Sorry, not sure how to ! post so it opens in your instance.
TL;DR
Any result is going to be biased. If it generated a crab wearing liederhosen, it's obviously a bias towards crabs. You can't not have a biased output because the prompting is controlling the bias. There's no cause for concern here. The model is outputting by default the general trend of the data it was trained with. If it was trained with crabs, it would be generating crab-like images.
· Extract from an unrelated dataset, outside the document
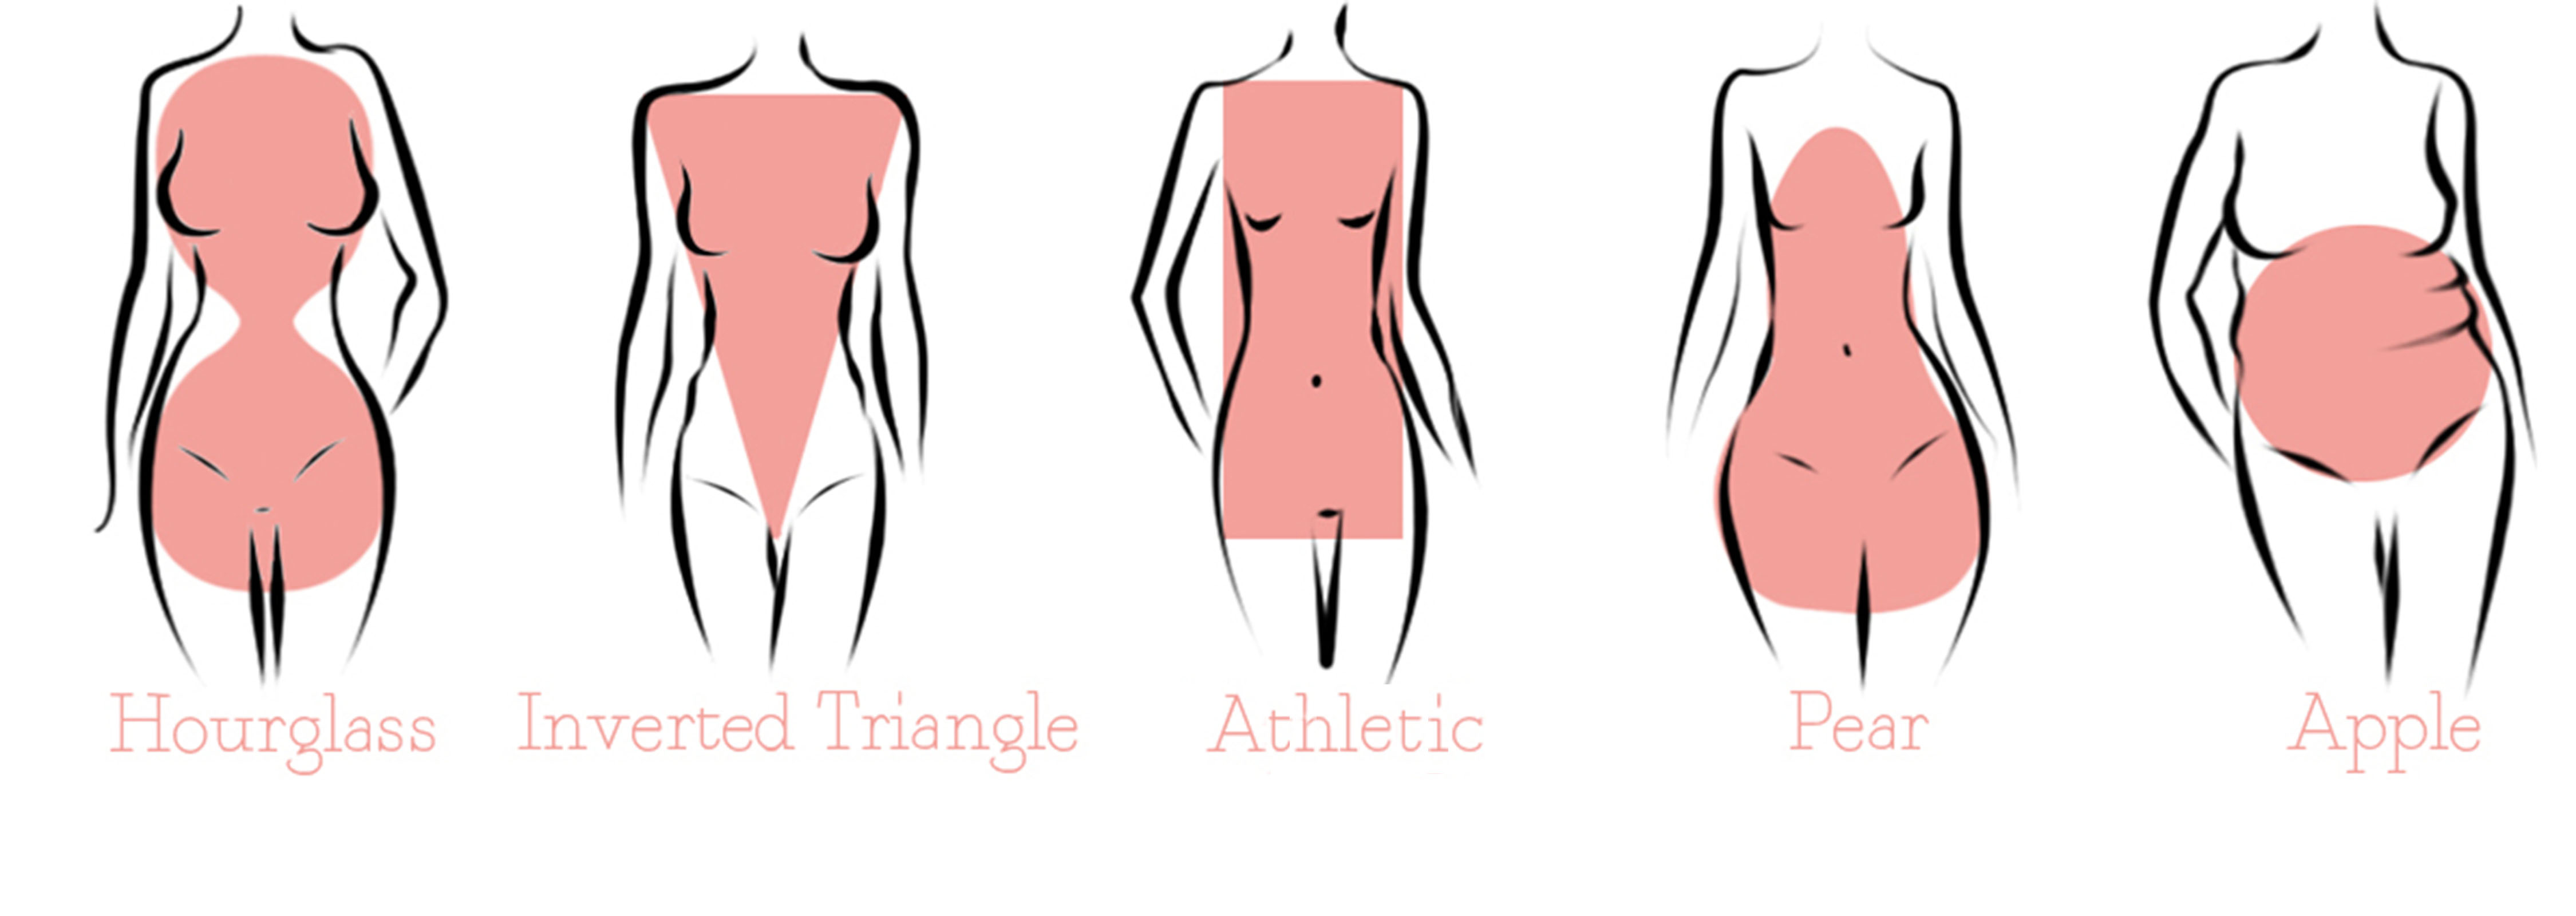 Body Shapes - Slender  Body types women, Body shapes, Types of body shapes

I recall a somewhat similar incident when I was showing an in-law of mine how Stable Diffusion worked a while back. She's of Indian descent, and she asked Stable Diffusion to generate a picture of an Indian woman. All of the women it generated had Bindis and other "traditional" Indian cultural garb on, and she was initially kind of annoyed by that. But I explained that that's because most of the photos of women in the training set that were explicitly tagged as Indian were dressed that way, whereas the rest of the Indian women in the training set probably weren't explicitly tagged. They were just women.
It was kind of interesting trying to figure out which option was more biased. Realizing that there was an understandable reason behind that helped ease her annoyance.
Yes, but they trained on easily accessible data in large amounts. Which actually says that stock photo websites are the biased ones there.
No model can be trained on an equal amount of diverse data for everyone, and it's not supposed to anyway. I bet it was hardly if at all trained on Mongolian goat herders, but you could hardly say it's biased against them, just that there wasn't an easily accessible large amount of pictures of them.